2018-03-27	http: fix modification of read-only value
	This fails in the rare case we get a partial send() on "\r\n" when writing chunked HTTP responses out.
2018-02-07	update copyrights for 2018
	Using update-copyrights from gnulib While we're at it, use the SPDX identifier for AGPL-3.0+ to ease mechanical processing.
2017-01-04	http: remove weaken usage, reduce anonsub capture scope
	Avoiding weaken here is no more dangerous than the existing circular refs (e.g. psgix.io) we create and manage throughout the lifetime of the connection. So, trust ourselves to maintain the data structure properly and avoid triggering extra memory usage. While we're at it, avoid having anonymous subroutines capture more variables than necessary to simplify reference auditing.
2017-01-04	http: fix spelling error
	Oops. And we'll be fixing circular references from now...

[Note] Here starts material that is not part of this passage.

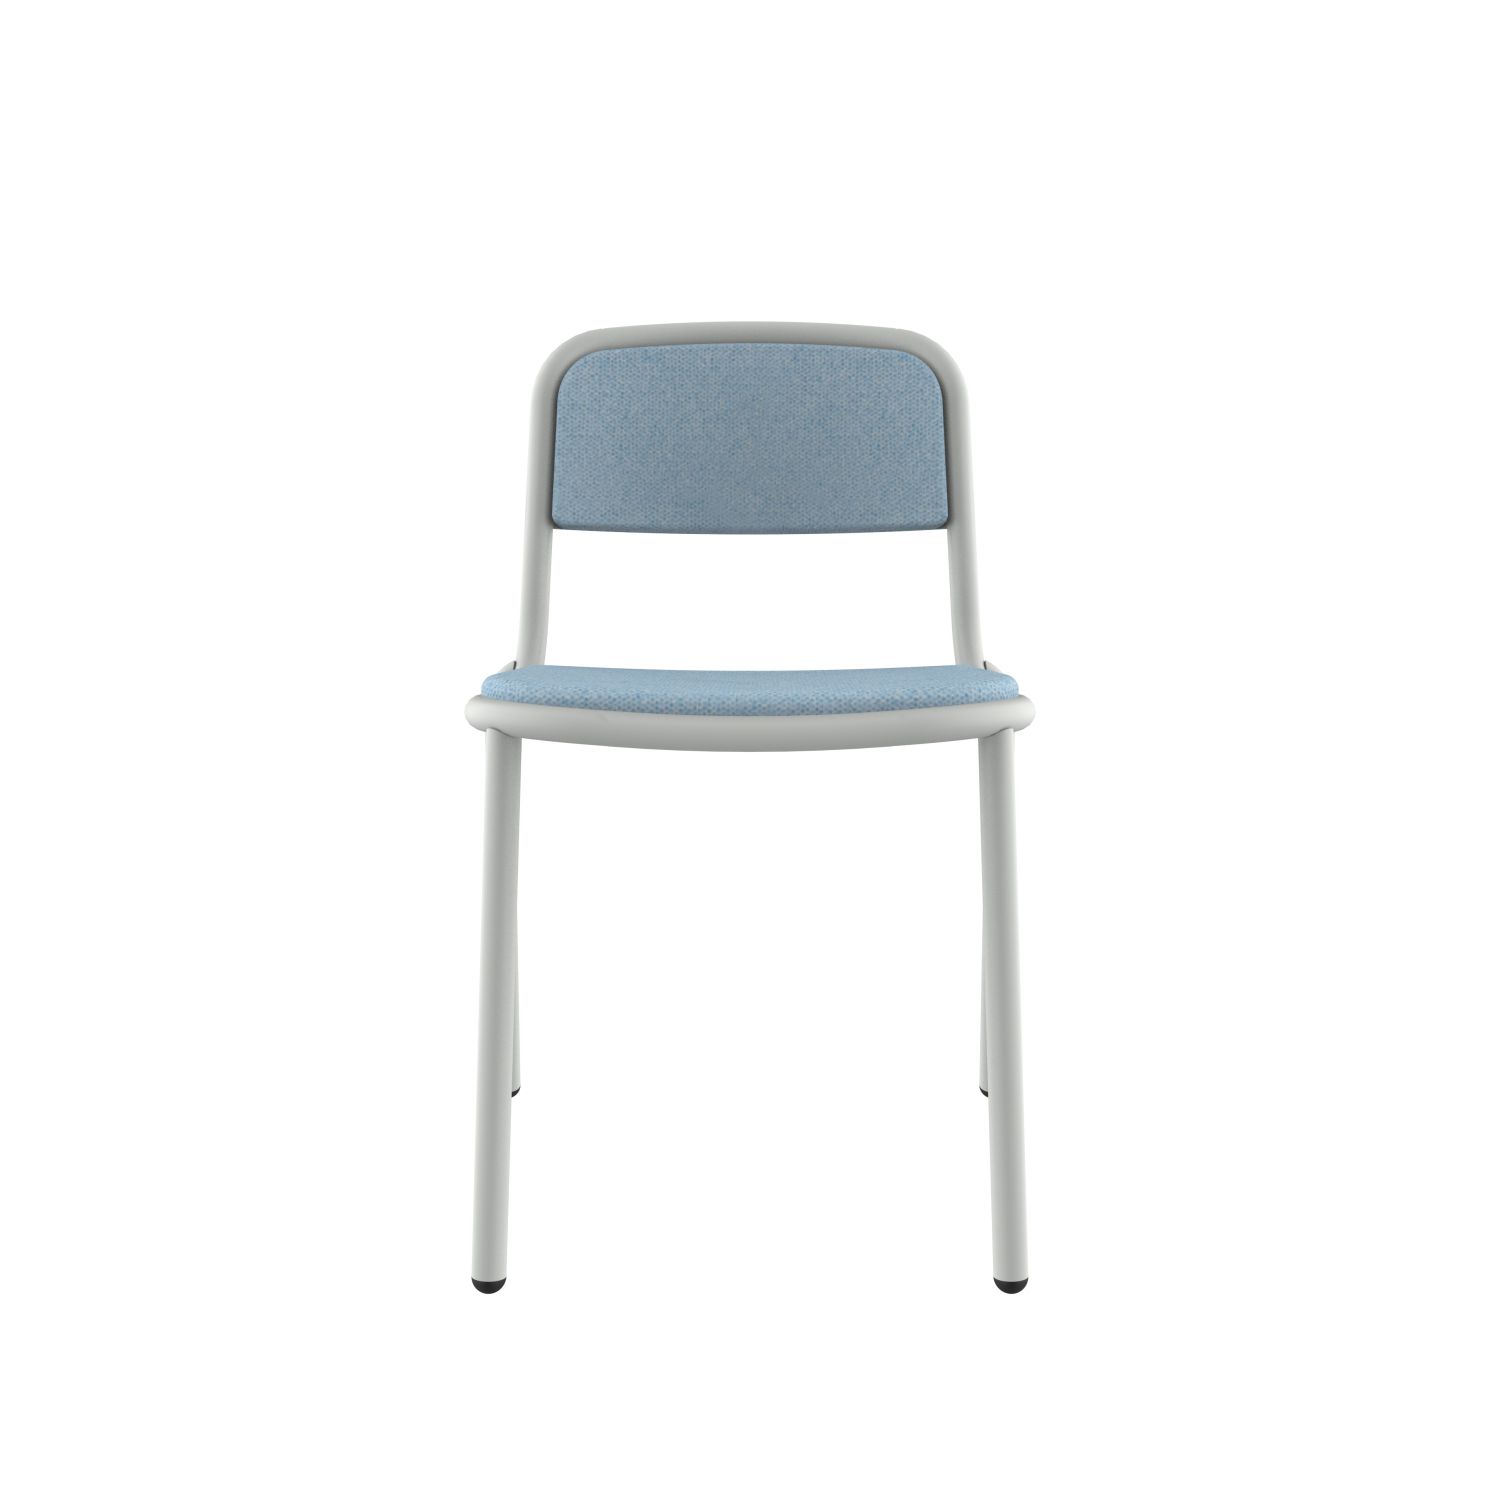 lensvelt stefan scholten loop chair upholsterd stackable without armrest moss pastel blue 40 price level 1 light grey ral7035 hard leg ends

2016-12-25	http: fix clobbering of $null_io
	Oops, this would be disatrous if we started handling bigger request bodies or slow clients. Fixes: c008654229a9 ("avoid IO::File for anonymous temporary files")
2016-11-26	avoid IO::File for anonymous temporary files
	We do not need to import IO::File into the main programs since Perl 5.8+ supports literal "undef" for generating anonymous temporary file handles.